- **Assignment**:
Print, in exact form, the lines below from the one containing "www.beyondthesite.ca" through the one containing "#beyondthesite #onsite #BTS", and omit all others.

- **Extracted entries**:
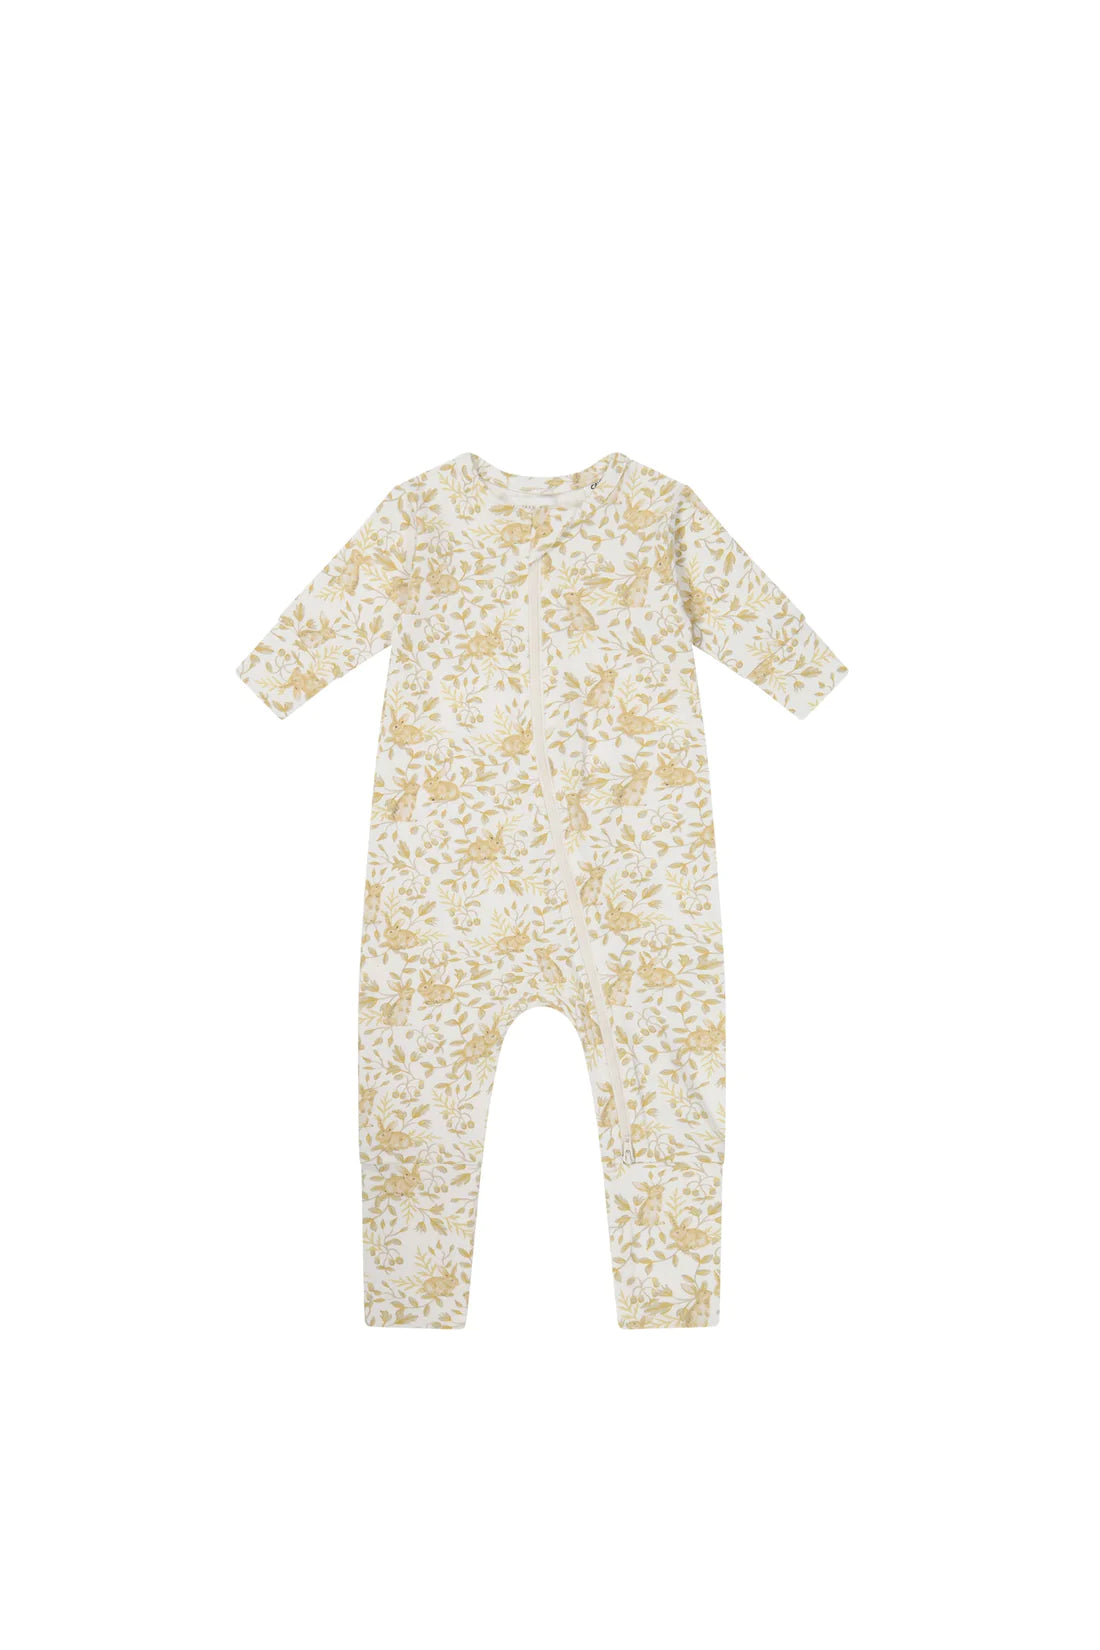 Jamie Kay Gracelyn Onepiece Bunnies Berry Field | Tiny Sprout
--
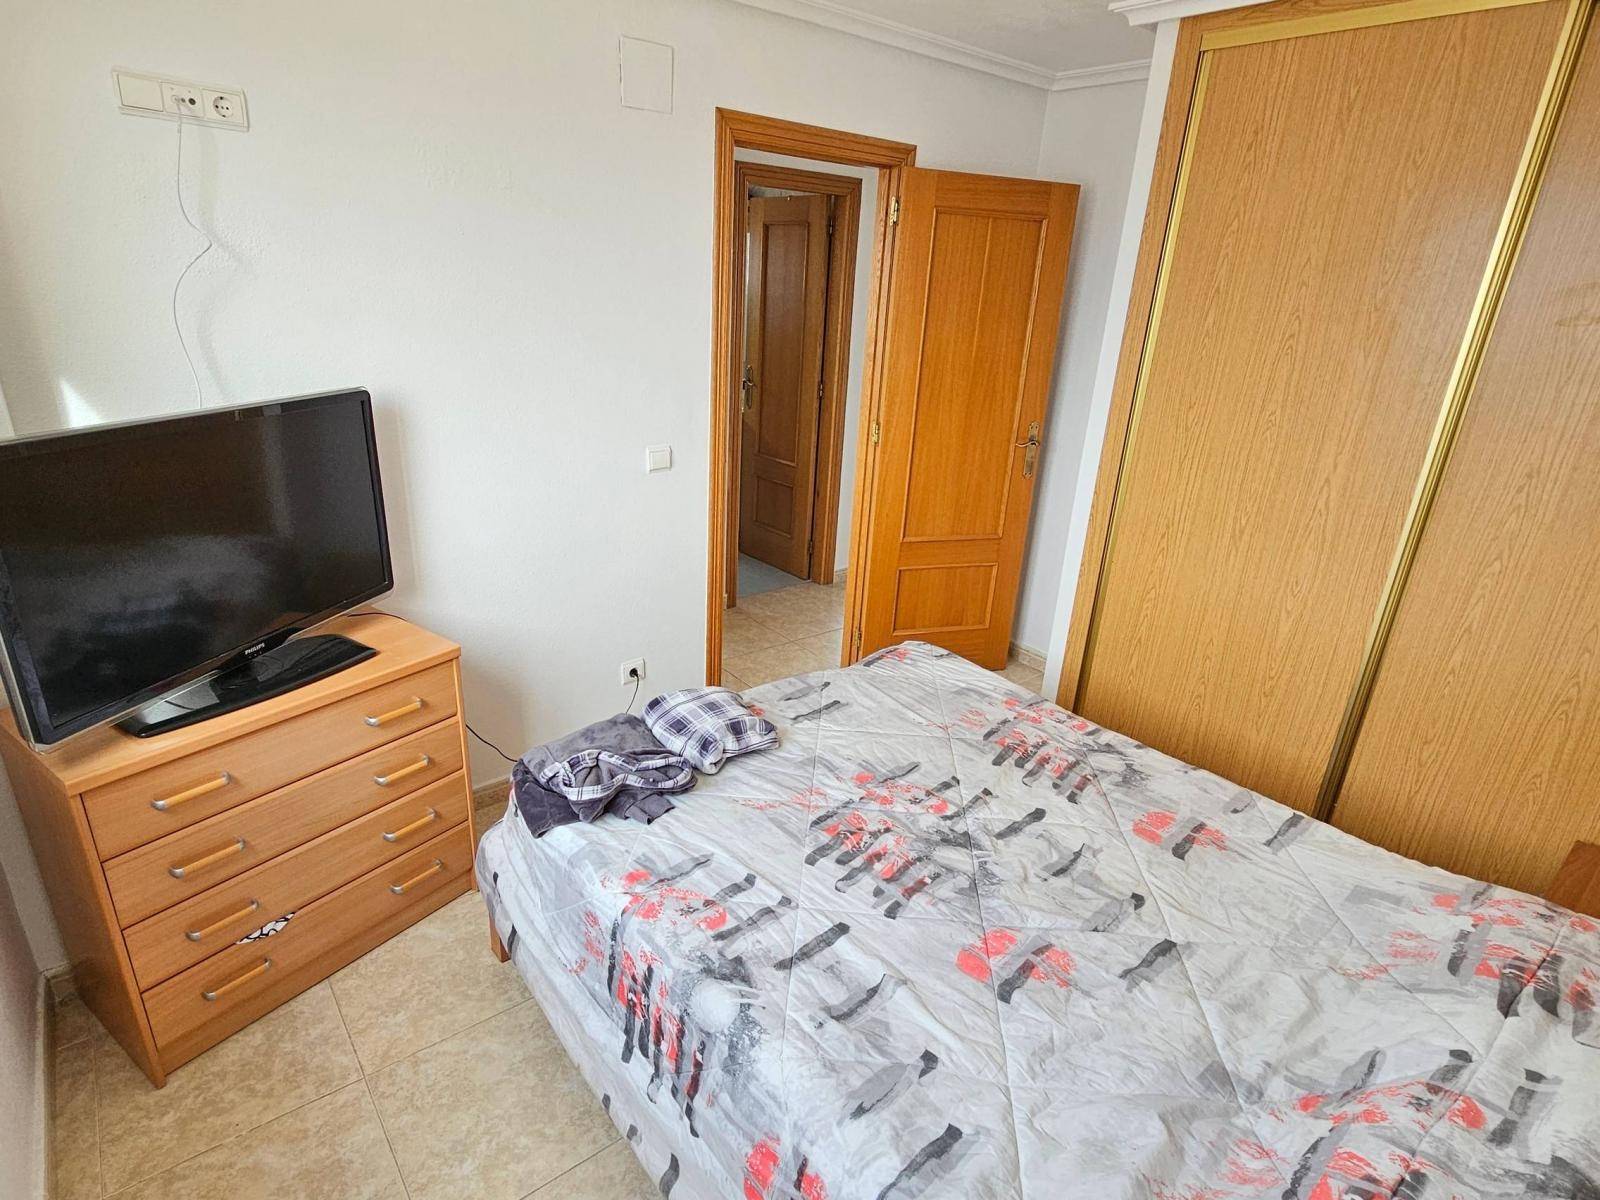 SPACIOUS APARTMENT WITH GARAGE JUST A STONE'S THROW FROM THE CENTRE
---
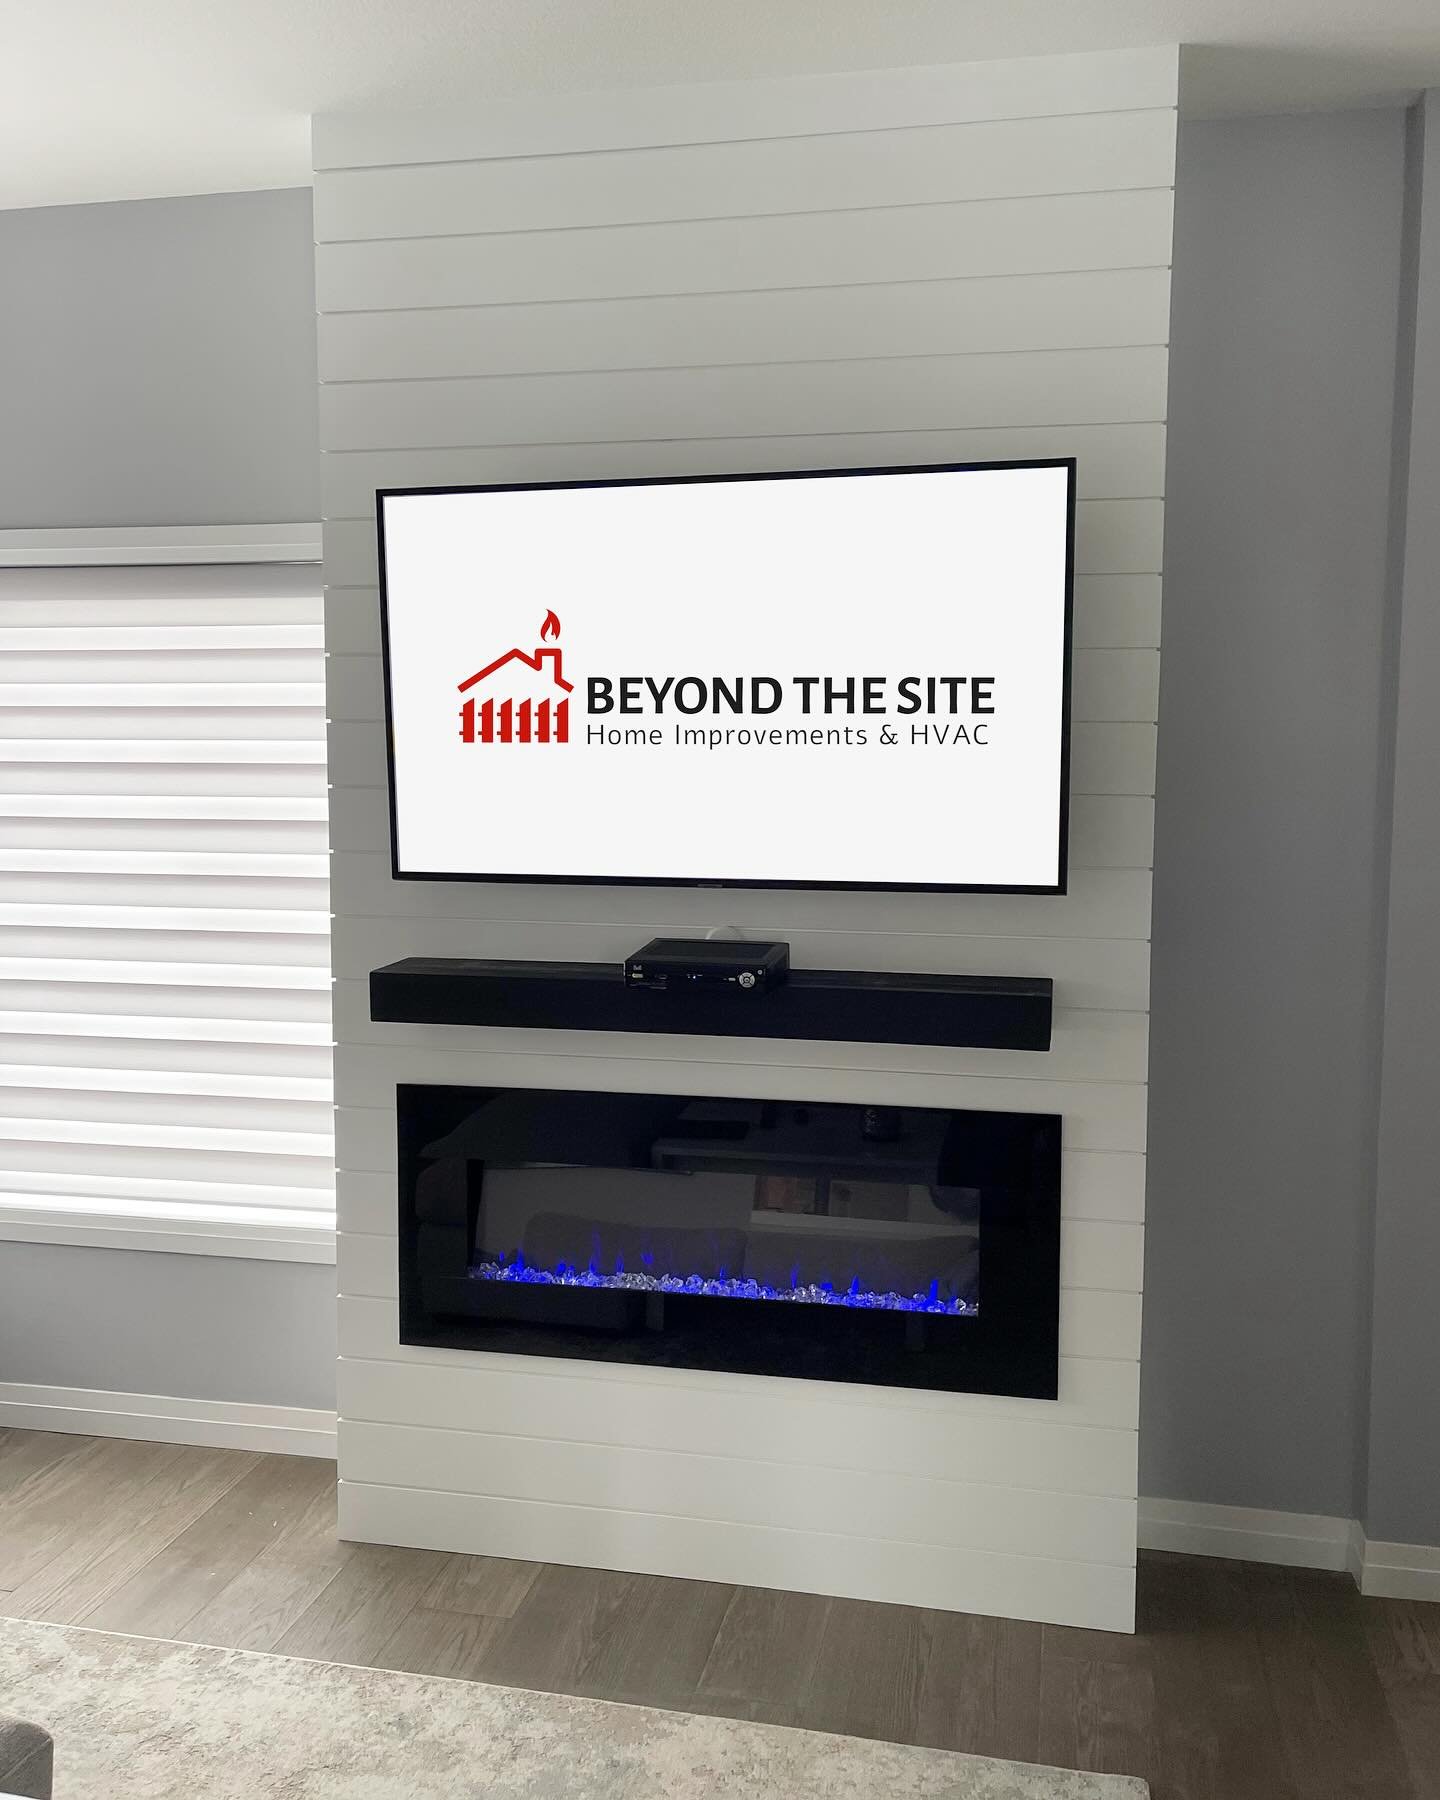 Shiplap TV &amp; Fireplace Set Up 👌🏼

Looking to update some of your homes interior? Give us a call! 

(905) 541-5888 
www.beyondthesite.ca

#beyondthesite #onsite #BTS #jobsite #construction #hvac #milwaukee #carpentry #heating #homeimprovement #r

- **Answer to the problem**:
www.beyondthesite.ca

#beyondthesite #onsite #BTS #jobsite #construction #hvac #milwaukee #carpentry #heating #homeimprovement #r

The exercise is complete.